_DATASET SECTION:_
- - - - - - -

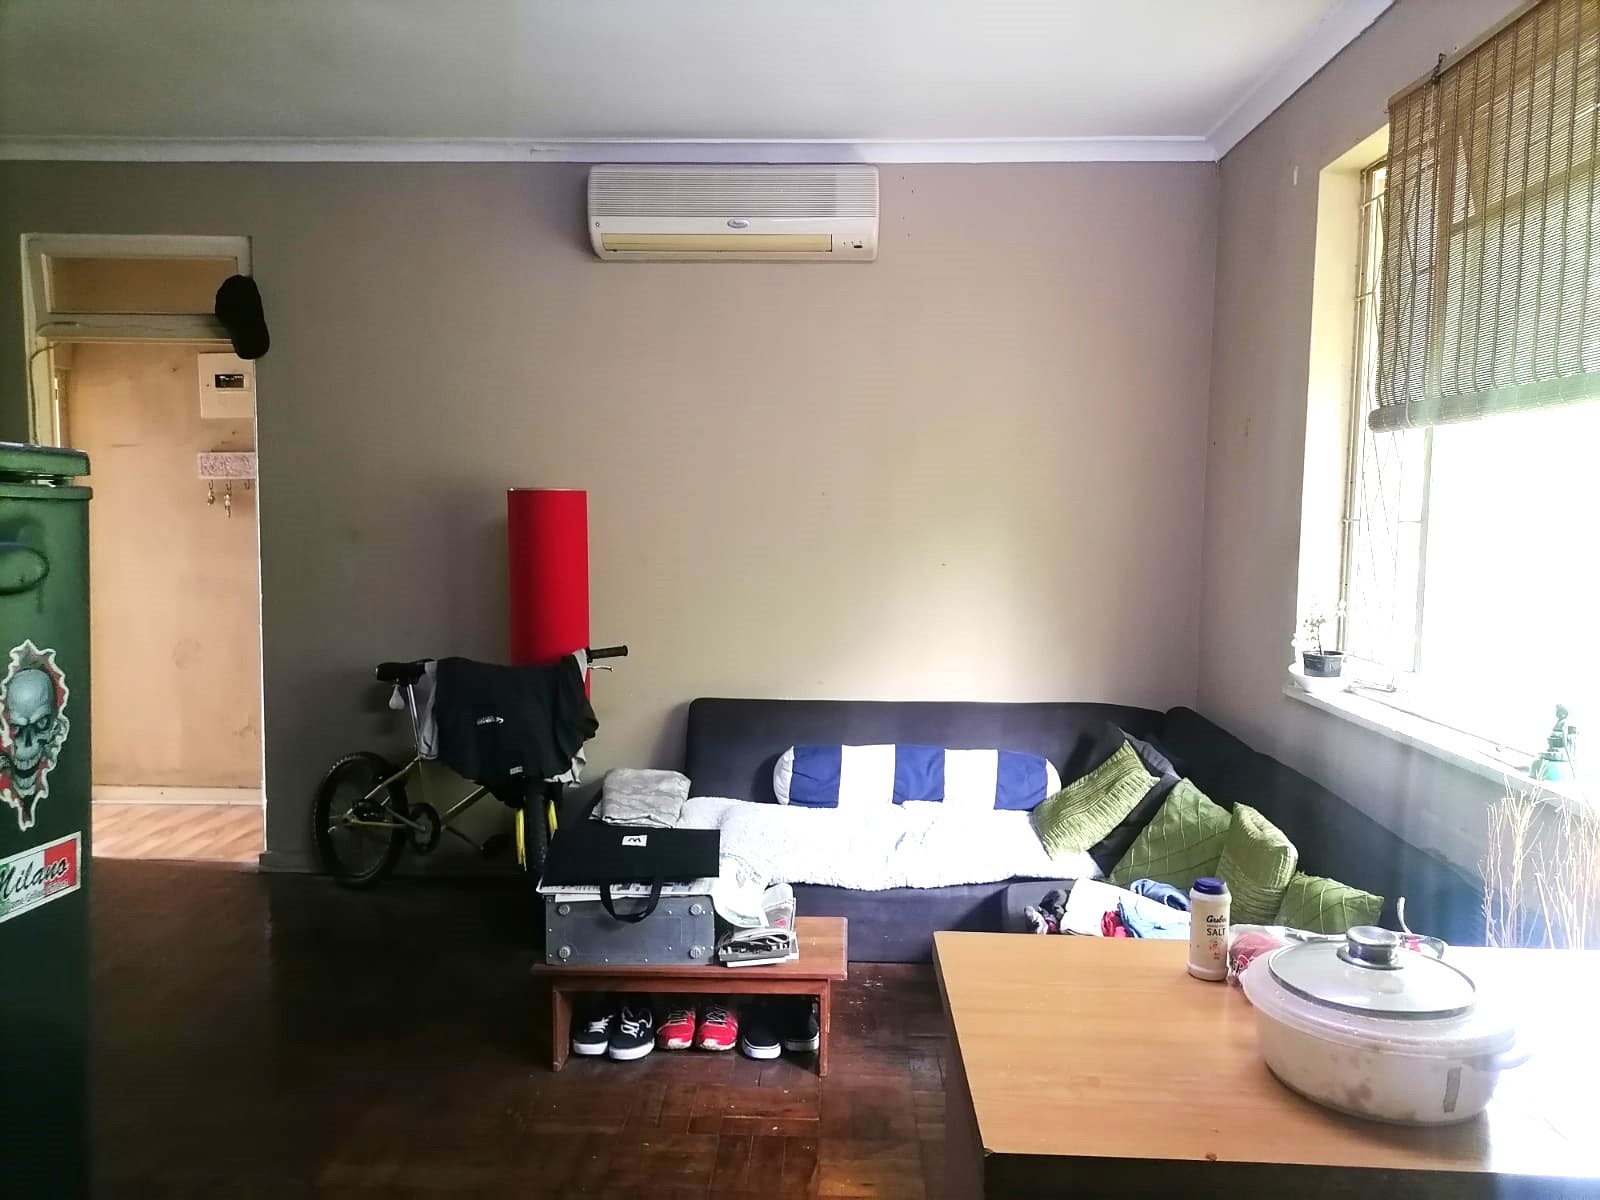 1 Bedroom Property for Sale in Bulwer KwaZulu-Natal
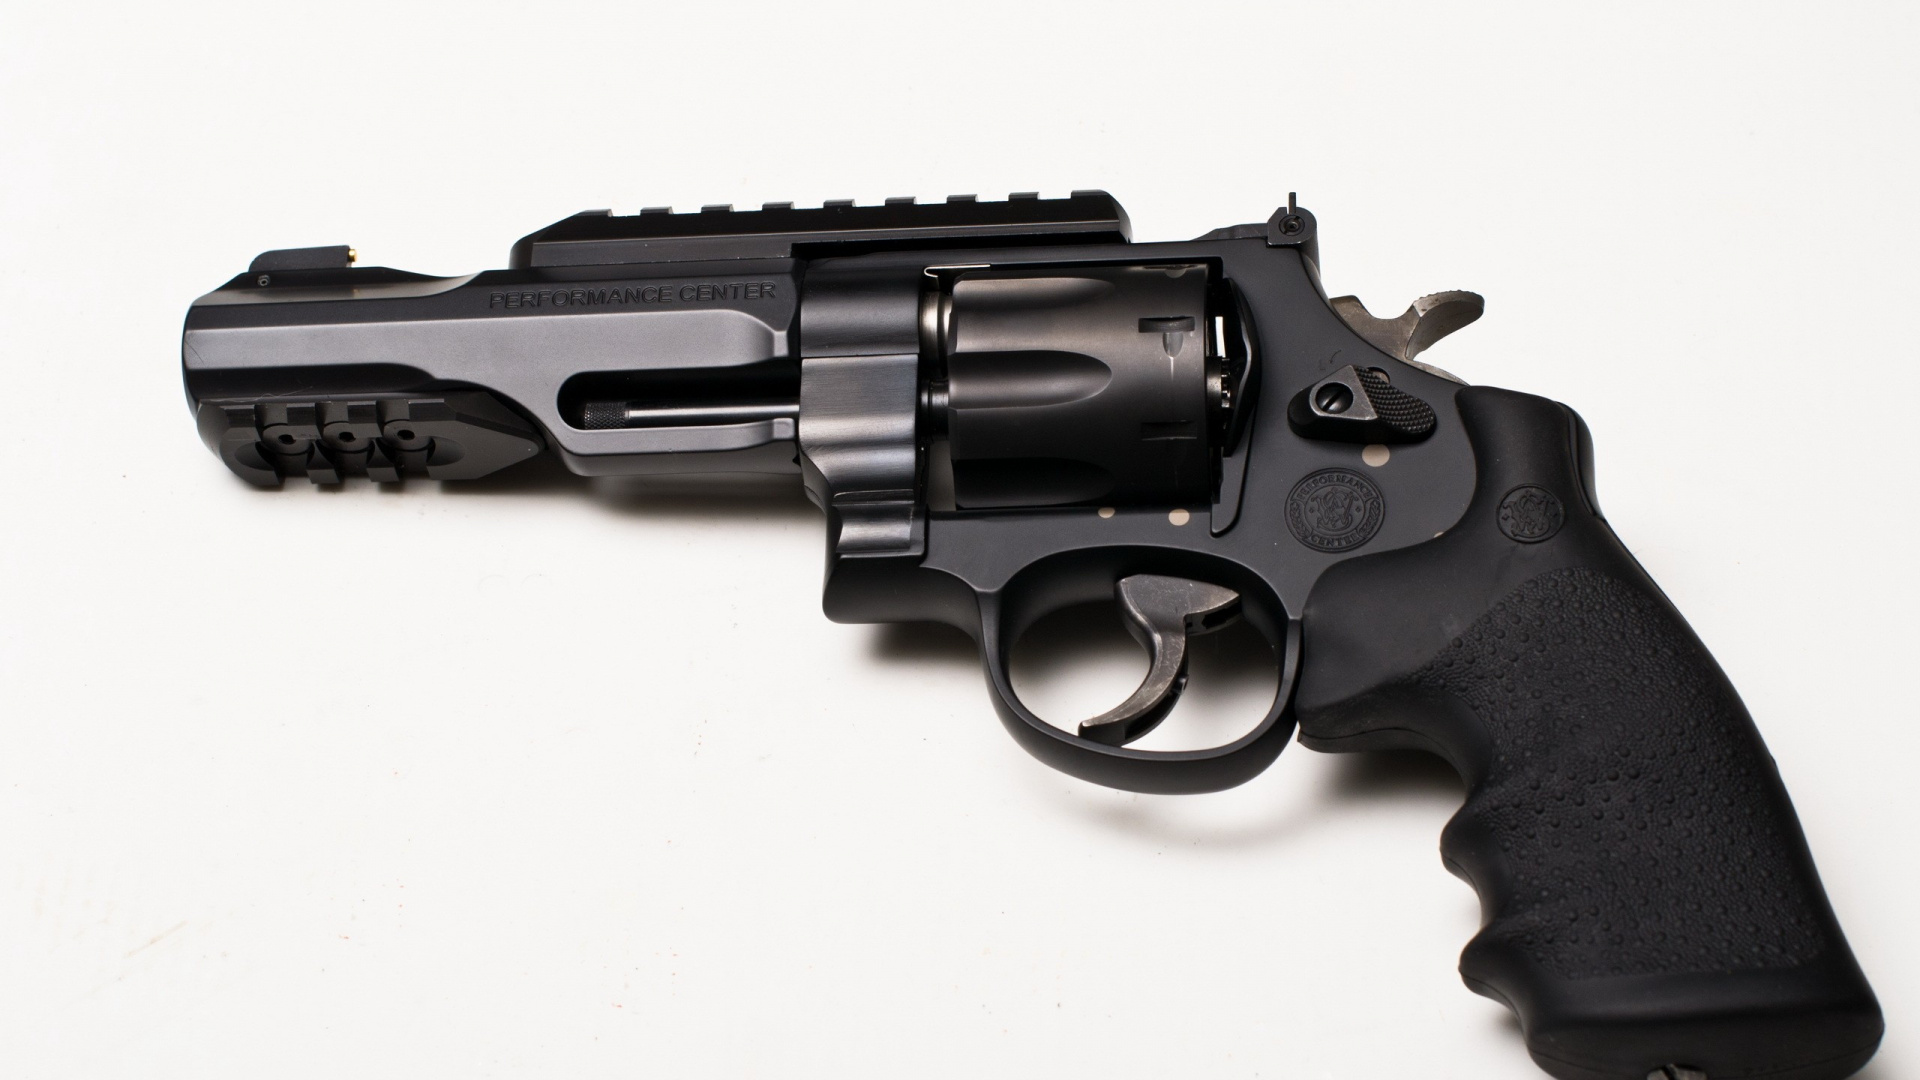 Handfeuerwaffe, Feuerwaffe, Revolver, Trigger, Gun Barrel. Wallpaper in 1920x1080 Resolution
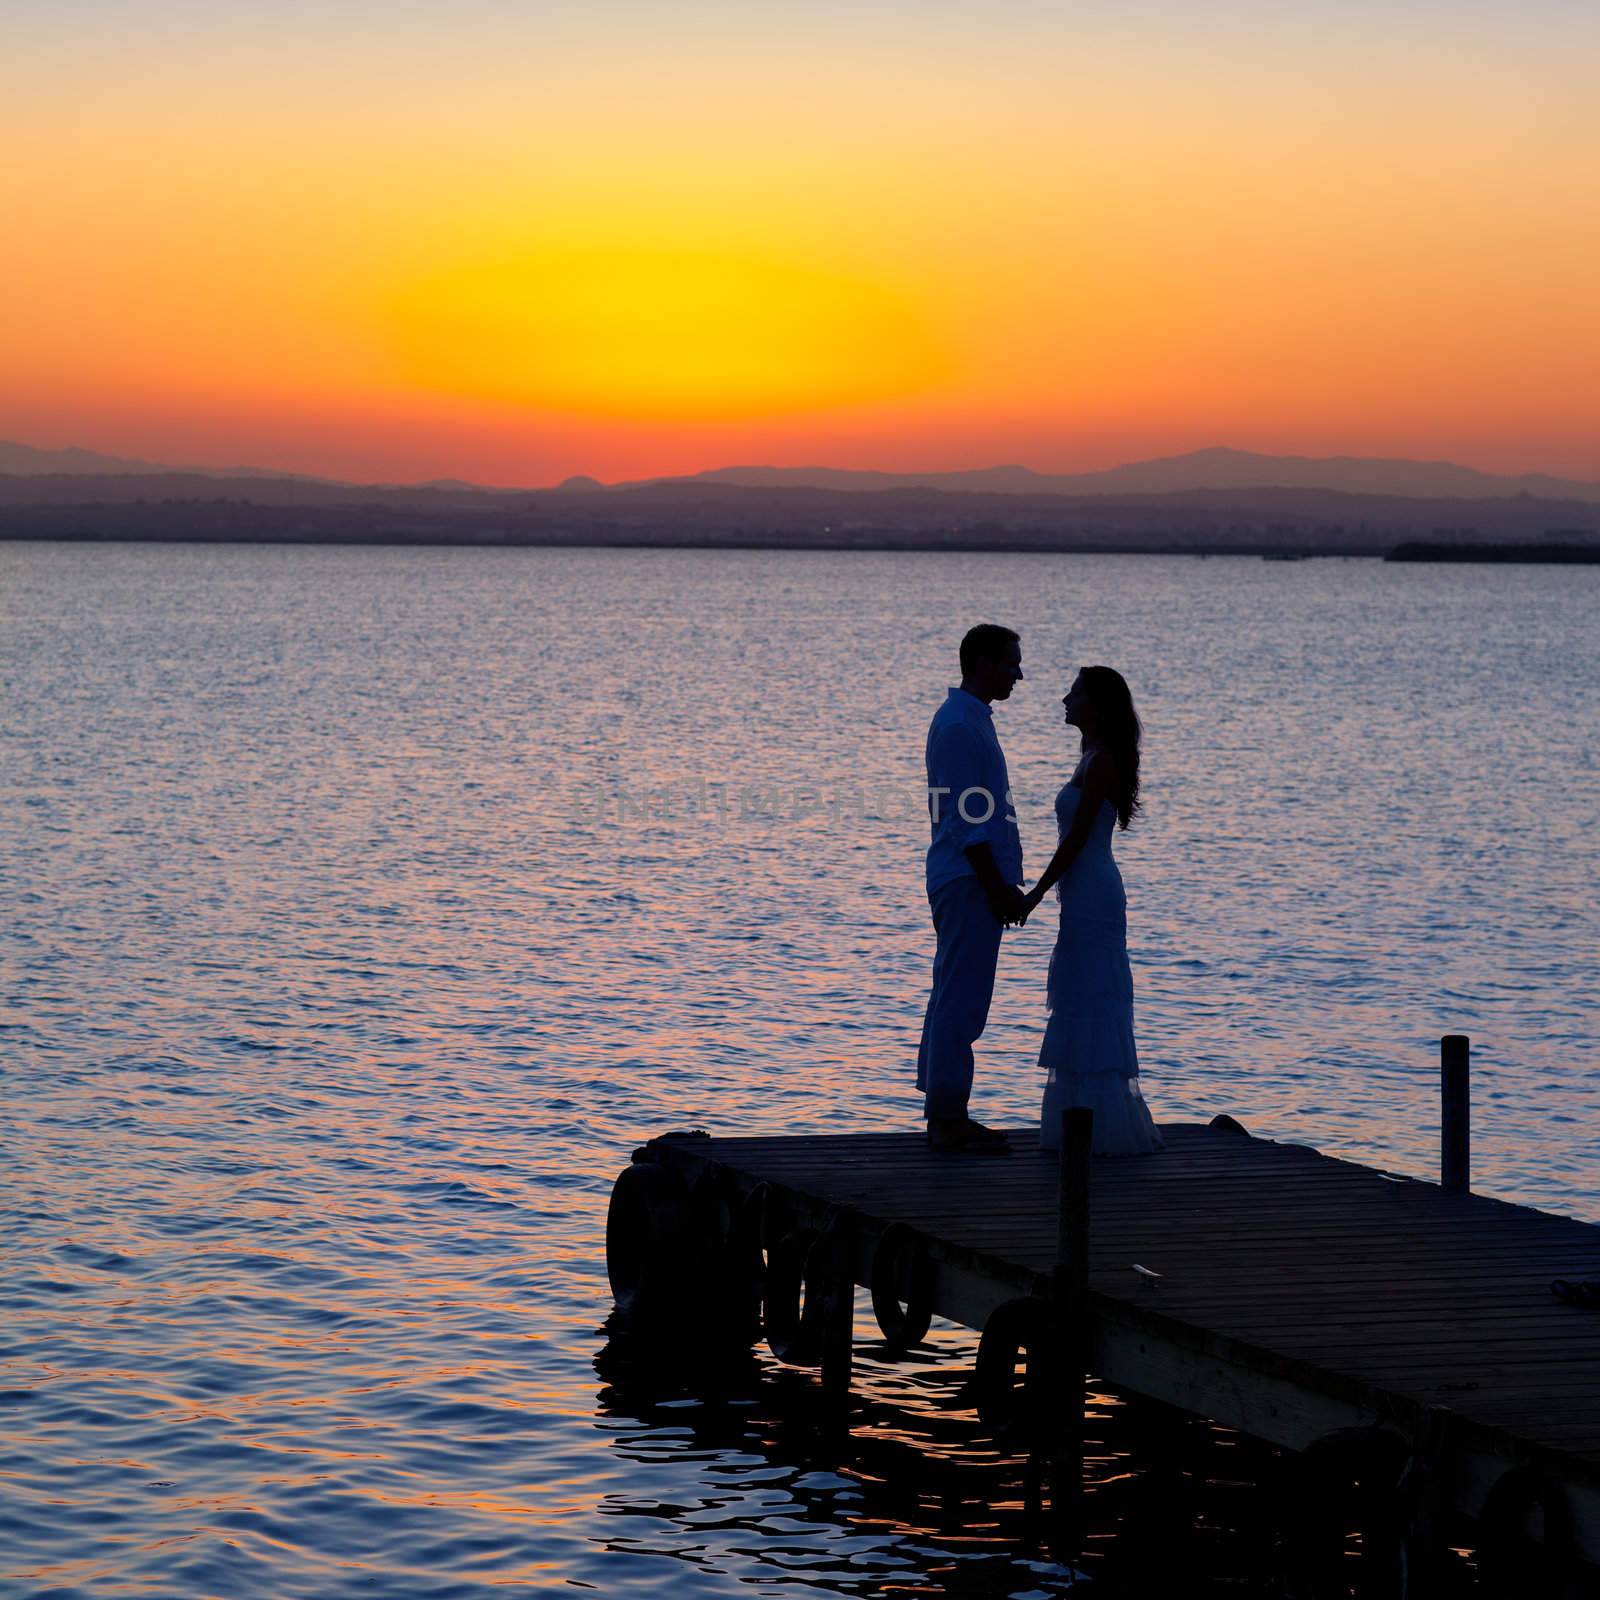 couple in love back light silhouette at lake sunset full length

- - - - - - -

_BRIEF:_ Reproduce the data verbatim. Do not carry any picture into the copy.

_SOLUTION TO THIS TASK:_
 1 Bedroom Property for Sale in Bulwer KwaZulu-Natal
 Handfeuerwaffe, Feuerwaffe, Revolver, Trigger, Gun Barrel. Wallpaper in 1920x1080 Resolution
 couple in love back light silhouette at lake sunset full length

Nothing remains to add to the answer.